Bucky nods. “It was never about Carter,” he says.
“It was about you,” Sam says, looking up at Bucky through slightly narrowed eyes.
“It was about the world,” Bucky says.
“Right,” Sam says. “In order to beat Thanos, Steve had to lose you so he would try to avenge you, but in order to lose you…”
“He had to have me back in the first place,” Bucky finishes.
“You can’t lose something you never had,” Sam says pensively, like it applies to the whole situation, like it’s an excuse, like it removes some of the tragedy and makes everything easier to swallow.
And maybe to him it does. Maybe if he thinks about it like that, like Steve had always been on loan to the 21st Century, never to truly settle, it makes it less awful. But Bucky can’t let himself think that way.
“We had him, Sam.” He looks at Sam, who’s looking at the floor. “This world had him, and we lost him, but he was here. This mattered to him. Don’t forget that.”
Sam nods. “Right,” he says again. He sighs. “I wish we didn’t have to lose him, though.”
Bucky doesn’t say anything. They sit together in the unyielding, empty silence.
-
A twig snaps behind him, and Bucky turns around to see Steve emerging out of his tent. He catches Bucky’s eyes and tilts his head: mind some company?
Bucky smiles, shifting over on the log, and pats the space beside him. “Come on over, Cap, the fire’s nice.”
“Alright, Sarge,” Steve says, sitting down beside Bucky next to the fire, “if you say so.”

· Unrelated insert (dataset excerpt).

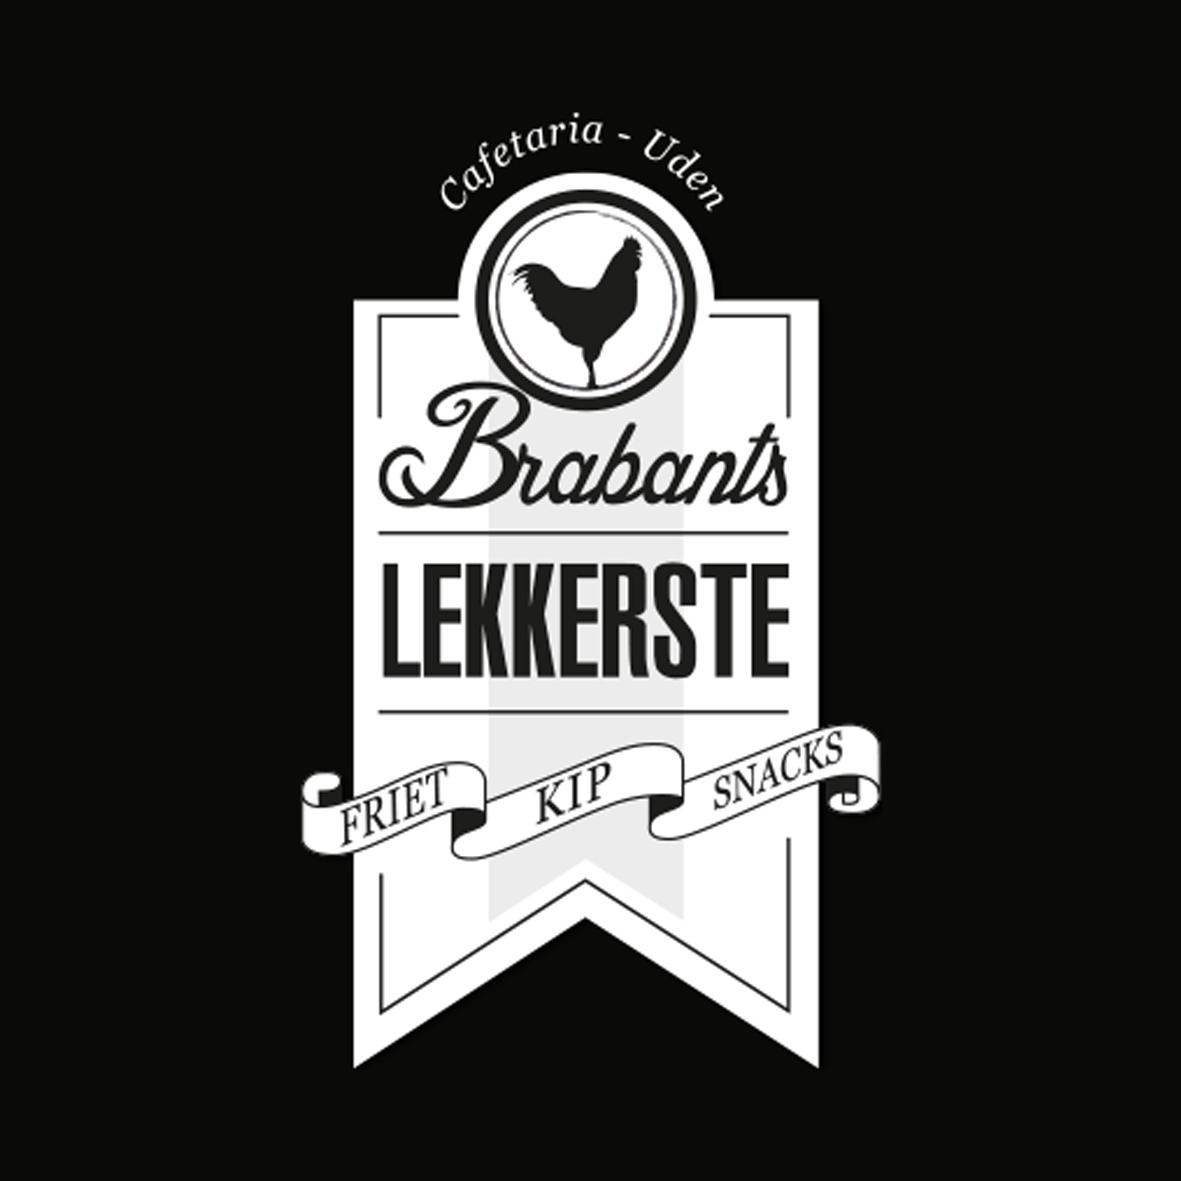 Brabants_Lekkerste

They sit in comfortable silence for a moment, warming up their bodies. Dernier is taking a piss somewhere far away in the trees, and all the other guys are all settled in for the night. They’re out of enemy territory, having hiked all day from the base they hit earlier, and it’s making for a nice, peaceful break from having to be on constant vigilance.
Bucky grins, thinking about the day’s mission. Him and Morita had been waiting outside of the base while all the others blew it all up to ash, but they’d been surrounded. Bucky had been worried for a moment, before Steve came in out of nowhere and knocked all the Hydra soldiers off their feet with a carefully thrown shield like a goddamn personal avenging angel.
He nudges Steve. “Thanks for comin’ back, earlier, those guys would’ve had us for sure if you weren’t there to whoop their asses.”
“Well,” Steve says, sitting down beside Bucky next to the fire, “I was goin’ through the area anyways.”
Bucky hums and stretches his hands out towards the fire. God, but November in the wilderness of Europe is really no joke. “Right. And hey, I never told you,” he says, keeping his tone light, “but thanks for getting me out of that place too. Earlier.”
“Hm?” Steve turns to look at him, the light of the flames reflecting in his eyes. “What do you -”
“You know. Azzano. Thanks for coming back for me.”
A branch pops in the fire, sending a swirl of embers up into the air. Steve shakes his head fondly. “‘Course I came back. I’m always gonna come back for you, Buck, you know that.” The fire is casting a funny light onto his features, and if Bucky lets his eyes defocus, it’s almost like the Steve from Brooklyn is sitting down beside him. “End of the line, remember?”
Bucky smiles and throws his arm around Steve’s shoulders, pulling him in closer like he did back when he only came up to Bucky’s chest. “I remember,” he says. “You know I do. Hey, Dernier should be on his way back by now, I think we could get some sleep,” but even after Dernier stumbles back into camp they stay sitting by the fire together, their faces turned to look at the flames as the embers float up into the night sky, bright young sparks that burn and fade and eventually become one with the stars.